1. Convert the volume of O2 to moles using the ideal gas law equation: PV = nRT, where
P = pressure (632 mm Hg)
V = volume (84.8 L)
n = moles
R = gas constant (0.0821 L.atm/K.mol)
T = temperature in Kelvin (35 degrees Celsius + 273.15)
Using PV = nRT, we have:
n(O2) = (P * V) / (R * T)
n(O2) = (632 mm Hg * 84.8 L) / (0.0821 L.atm/K.mol * (35 + 273.15))
n(O2) = 22.31 mol
2. Convert the mass of NO to moles using its molar mass. The molar mass of NO is 30.01 g/mol.
n(NO) = mass / molar mass
n(NO) = 158.2 g / 30.01 g/mol
n(NO) = 5.27 mol
Now that we have the number of moles for each reactant, we can compare their stoichiometric coefficients to determine which reactant is limiting. The stoichiometric coefficient ratio is 2:1 for NO/O2.
Comparing the moles, we find that we have excess O2 (22.31 mol) and limited NO (5.27 mol). This means NO is the limiting reagent.
b) To find the percent yield, we need to compare the actual amount of NO2 formed to the theoretical amount calculated from the limiting reagent.
1. Calculate the theoretical yield of NO2 using the stoichiometric ratio from the balanced equation. The stoichiometric ratio is 2:2, so the number of moles of NO2 formed will be equal to the number of moles of NO used.
Theoretical yield of NO2 = moles of NO2 formed = moles of NO used = n(NO)

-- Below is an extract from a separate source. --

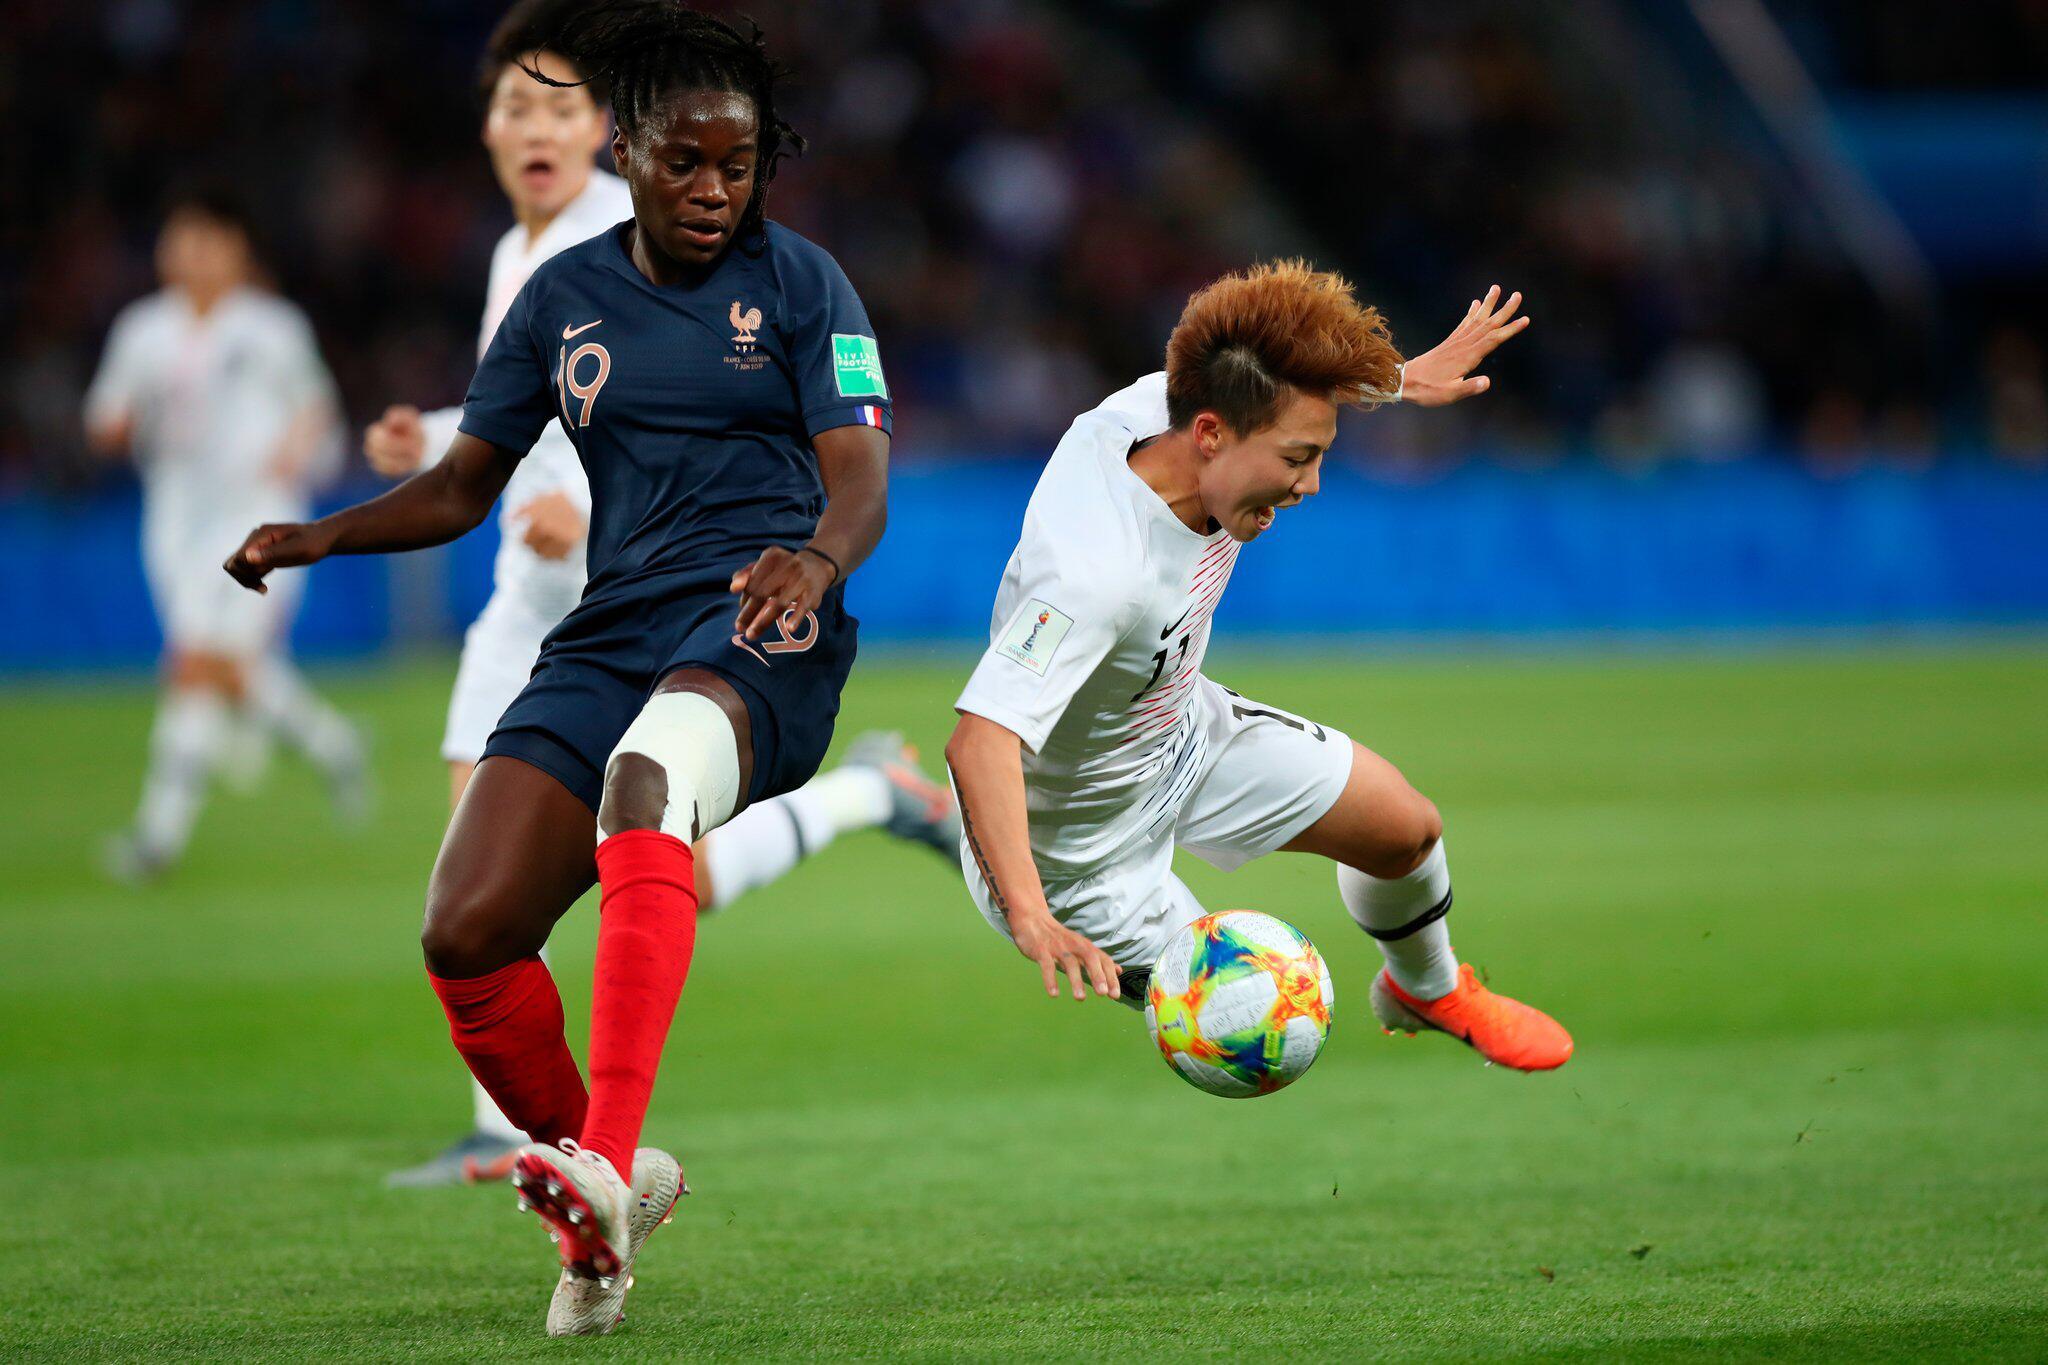 Bild zu Frauen-Fußball-WM: Frankreich - Südkorea
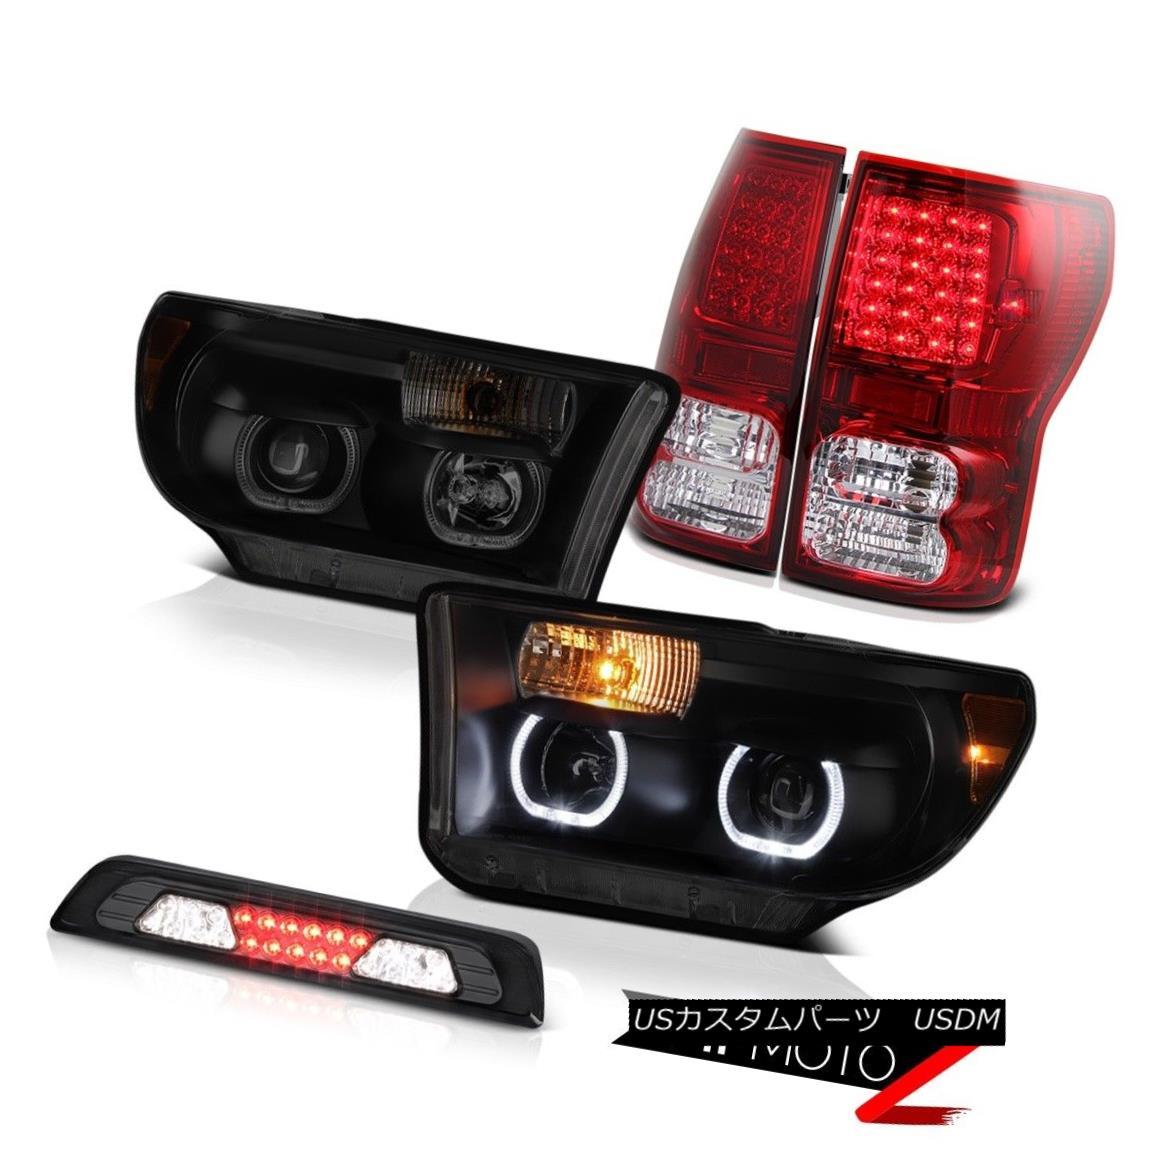 テールライト 07-13 Toyota Tundra Limited Headlamps Roof Brake Light Taillamps

Theoretical yield of NO2 = 5.27 mol
2. Convert the volume of NO2 produced to moles using the ideal gas law equation. The conditions are the same as given in part (a) (35 degrees Celsius and 632 mm Hg).
n(NO2) = (P * V) / (R * T)
n(NO2) = (632 mm Hg * 97.3 L) / (0.0821 L.atm/K.mol * (35 + 273.15))
n(NO2) = 32.76 mol
3. Calculate the percent yield using the formula:
Percent Yield = (Actual Yield / Theoretical Yield) * 100
Percent Yield = (32.76 mol / 5.27 mol) * 100
Percent Yield = 622.96%
Therefore, the percent yield of NO2 is 622.96%.